Em Conclave, o diretor Edward Berger (Nada de Novo no Front) coloca o espectador dentro do processo secreto da Igreja Católica logo após a morte de um papa. A ideia vai além de mostrar as etapas de execução de um conclave, mas também de investigar as possíveis influencias da escolha de um Sumo Pontífice, assim como as diferentes visões de mundo entre os cardeais.
Divisões de pensamento na Igreja
Escolher um novo papa é também estabelecer um conflito. Como em qualquer processo eleitoral, os candidatos recebem apoio de eleitores que concordam com as suas ideias. Sorrateiramente, eles tentam convencer indecisos e até opositores.
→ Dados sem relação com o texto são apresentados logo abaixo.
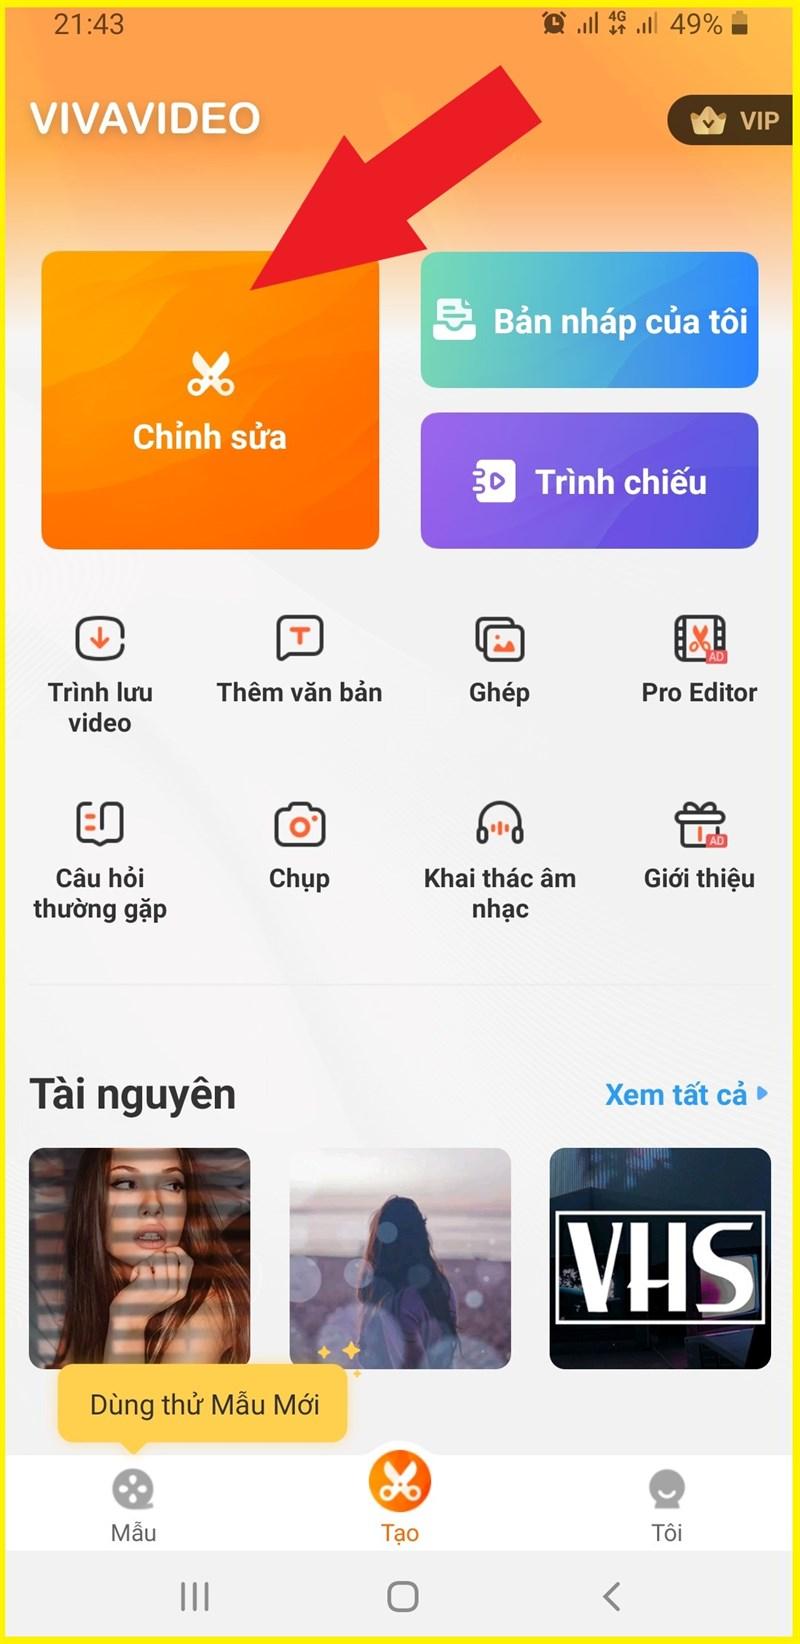 https://www.totolink.vn/public/uploads/img_article/Posts/711/bam-vao-chinh-sua-de-tien-hanh-chen-nhac-cho-video-cua-ban.jpg

Assim como o mundo real, Conclave divide essa base entre visões progressistas e conservadoras dentro da igreja. Desta forma, traz para a tela do cinema um conflito semelhante ao da esquerda contra a extrema-direita que domina os principais países do mundo.
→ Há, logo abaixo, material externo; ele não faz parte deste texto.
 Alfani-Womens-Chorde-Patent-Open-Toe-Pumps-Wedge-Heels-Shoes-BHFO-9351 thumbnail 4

Como discurso, as ideias de ambos os lados demonstram fragilidade no texto do roteiro. Mesmo que a estrutura narrativa do longa-metragem seja interessante, o conteúdo não vai além do básico dessa discussão entre conversadores e progressistas. O que pode justificar isso é que, religiosamente, a igreja seja comedida ao demonstrar suas ideias.
No entanto, é esta timidez que faz o filme esconder e pouco discutir a sua grande revelação. Além de pautar a divisão de ideias, Conclave subestima o tamanho das discussões que tenta fazer.
Thriller político
Tudo em Conclave colabora para a criação de um thriller político. Da trilha sonora até a fotografia, o longa-metragem utiliza as técnicas cinematográficas para criar a atmosfera de urgência e gravidade. A história e o seu desenrolar colaboram com isso.
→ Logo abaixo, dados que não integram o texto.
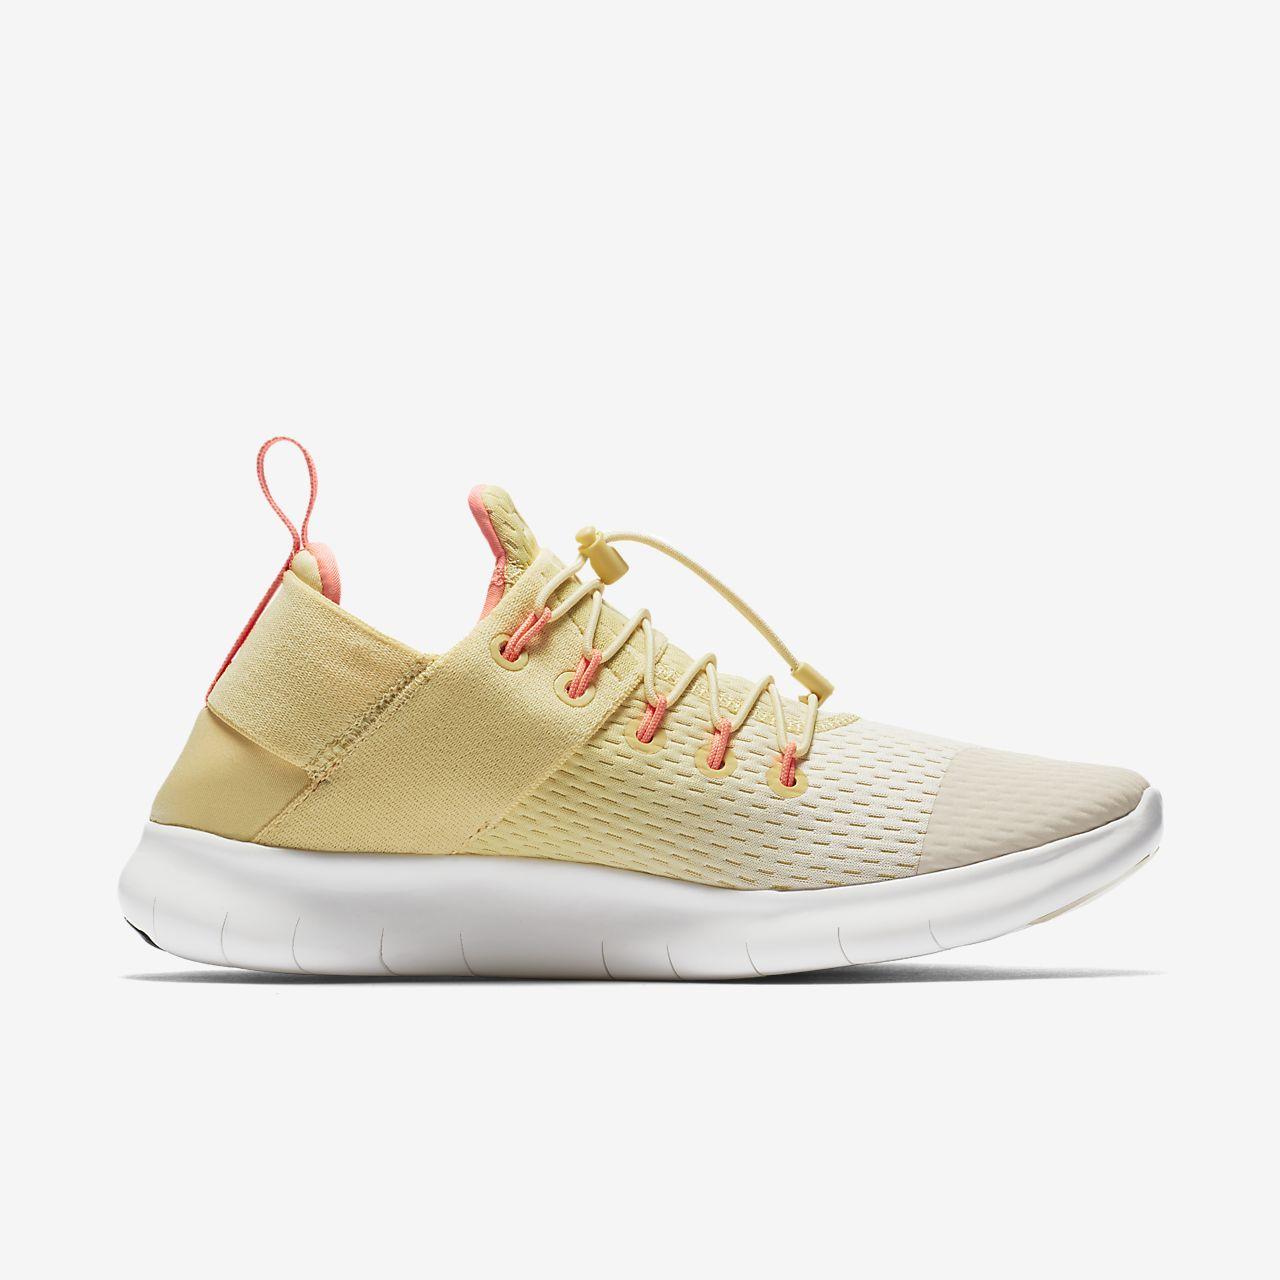 Nike Free RN Commuter 2017 Damen-Laufschuh

Desta forma, um acontecimento puxa o outro, criando uma cadeira de influencias. Apesar de bem orquestrada, a trama perde potência ao usar como combustível acontecimentos previsíveis. É como se o filme construísse algo totalmente novo, mas entregando nada além do comum.
Corrupção, propina e a busca por segredos do passado são típicos deste tipo de história. A novidade, porém, está no fato de acontecimentos tão humanos – e presentes na política da vida real – também estejam dentro do Vaticano. Ou seja, a surpresa está nos padres utilizando artifícios pecaminosos de pessoas comuns para alcançarem a posição mais importante da igreja.
Presença feminina em Conclave
Enquanto os cardeais vivem o isolamento do conclave, as irmãs trabalham nos bastidores. Não há tramas secundárias para influenciar a decisão da votação, embora personagens tentem utilizá-las para isso. Mas elas estão ali, silenciosas, presentes e observando o que acontece.
São poucas as aparições femininas no filme, mostrando o quão invisíveis as irmãs são diante da grandeza dos cargos dos homens e, em especial, para o ego que eles alimentam.
As competências de Conclave
Conclave é um thriller político competente. Tecnicamente, o filme traduz a gravidade do que acontece na imagem, em especial na forma como exibe os personagens em tela. A trilha sonora é essencial na construção da atmosfera da trama.
Na direção, Edward Berger entende que, além do ritmo, precisa dar tempo à Conclave. Desta forma, mostra o impacto do que acontece não apenas na sequência dos fatos, mas principalmente nos personagens que podem sentir o peso daquilo que descobrem e das decisões que precisam ser tomadas.
O elenco liderado por Ralph Fiennes, que interpreta o Cardeal Lawrence, sustenta o peso da história. Fiennes, indicado ao Oscar de Melhor Ator, destaque-se ao viver um personagem em conflito com a própria fé. O peso do dilema somado a seriedade do momento e às responsabilidades atribuídas ao cardeal estão na pele do ator.
Embora utilize artifícios comuns para mover sua história, Conclave surpreende por mostrar que dentro da igreja os processos funcionam como na vida ordinária. Antes de qualquer título que possam ter, os membros do alto escalão católico são pessoas como todas as outras. Mesmo previsível, o filme surpreende por ser o que é.